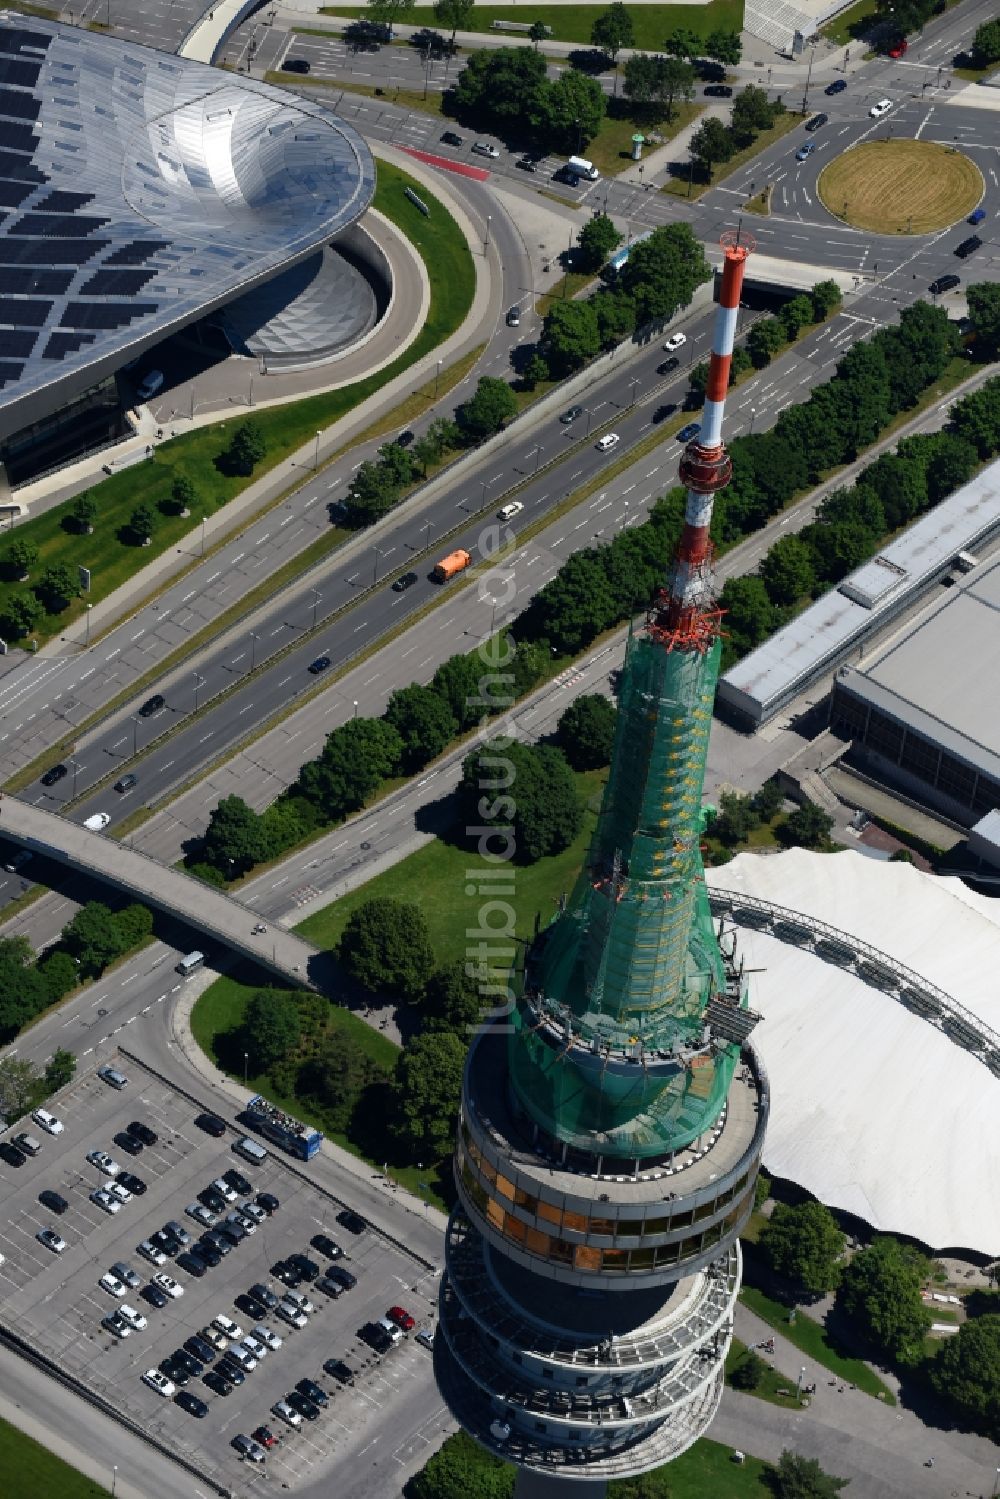 München von oben - Fernmeldeturm und Fernsehturm in München im Bundesland Bayern, Deutschland
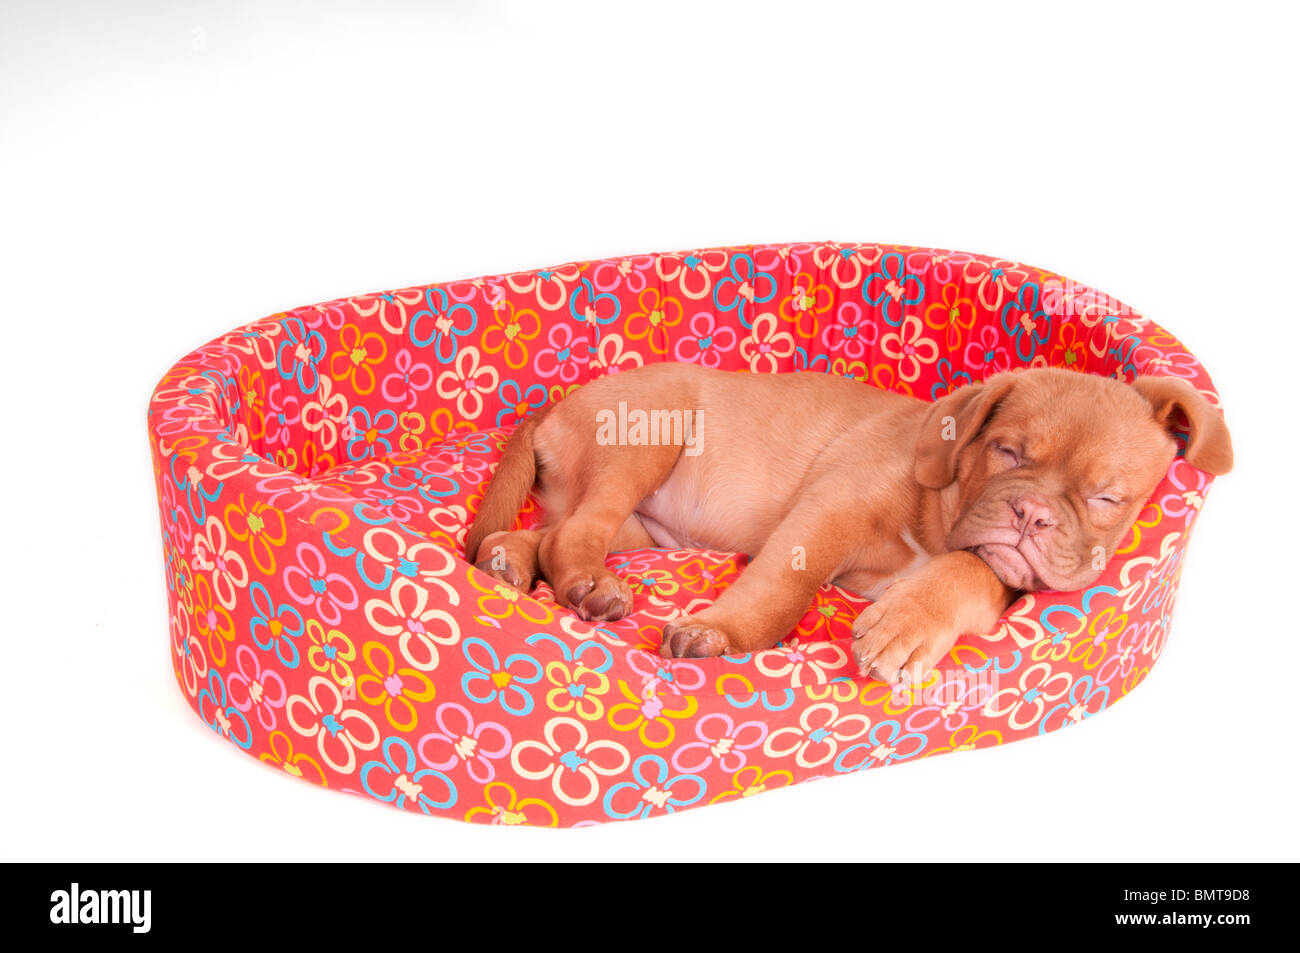 Un très petit chiot dormir dans son lit rose Banque D'Images
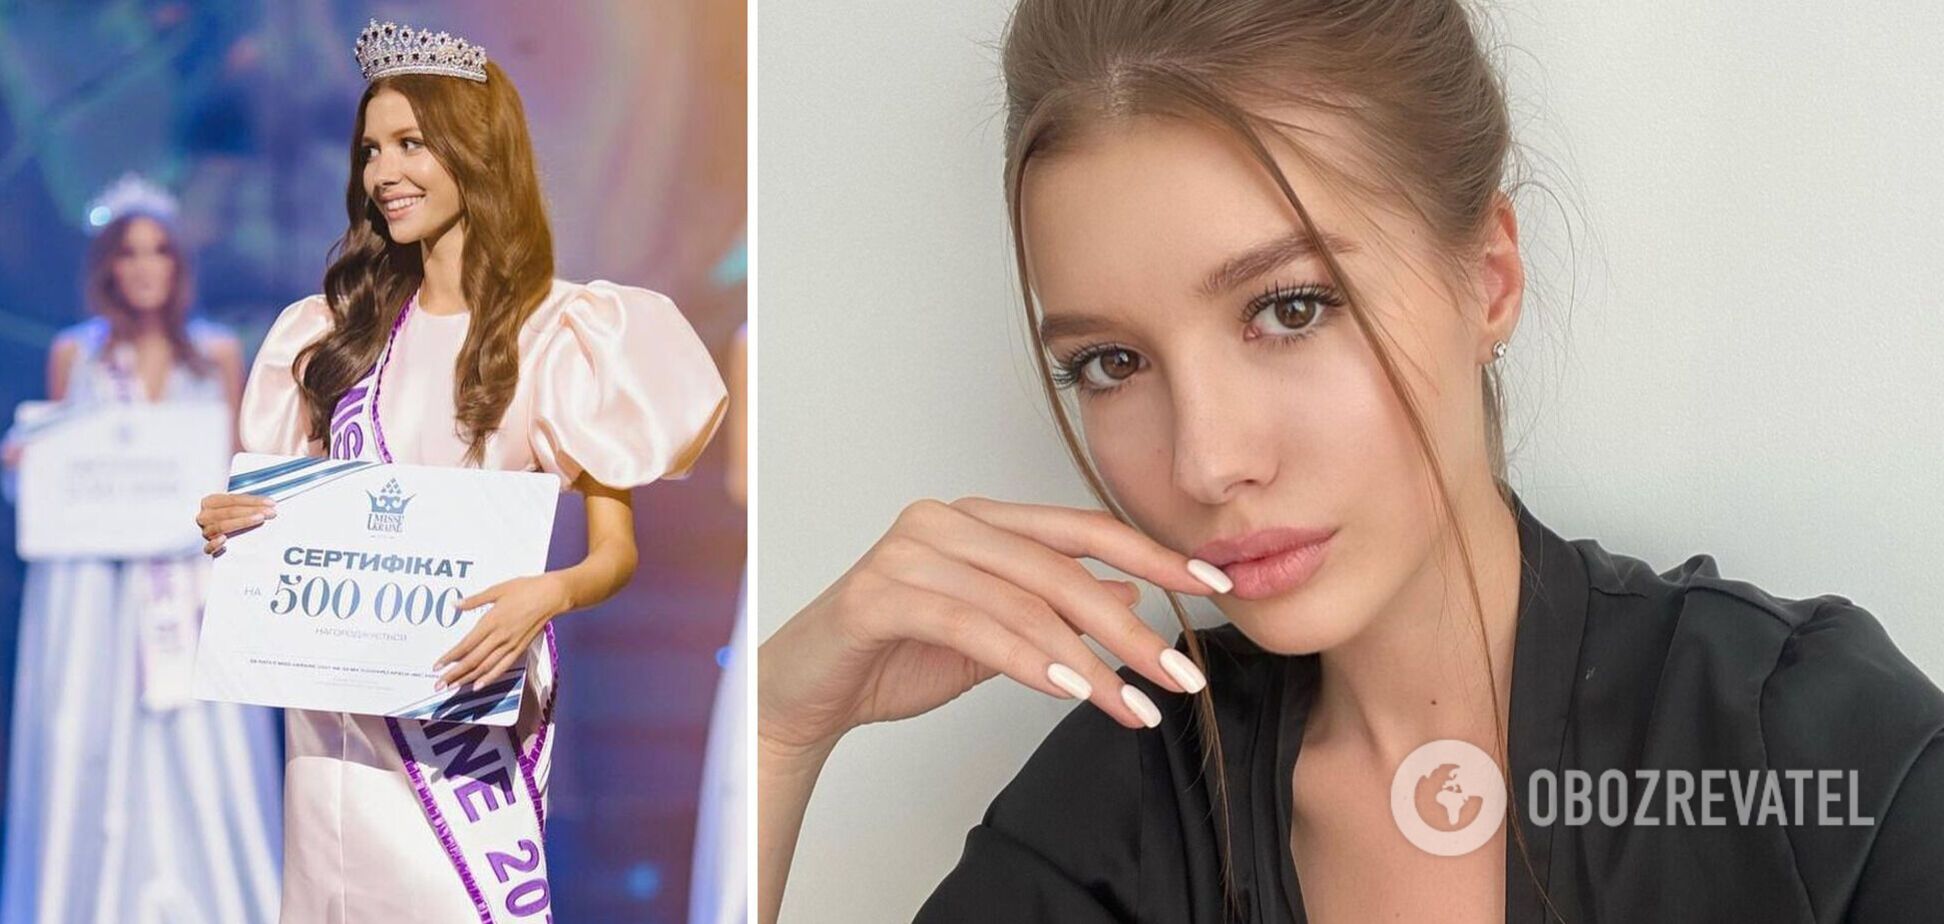 Стало известно, кто может представить Украину на 'Мисс мира' вместо Александры Яремчук. Фото красавицы

[Exercise goal] Write out again, word for word, only the lines from the one with "Un très petit" through the last line of the material, and omit each picture.

[Finished exercise]
 Un très petit chiot dormir dans son lit rose Banque D'Images
 Стало известно, кто может представить Украину на 'Мисс мира' вместо Александры Яремчук. Фото красавицы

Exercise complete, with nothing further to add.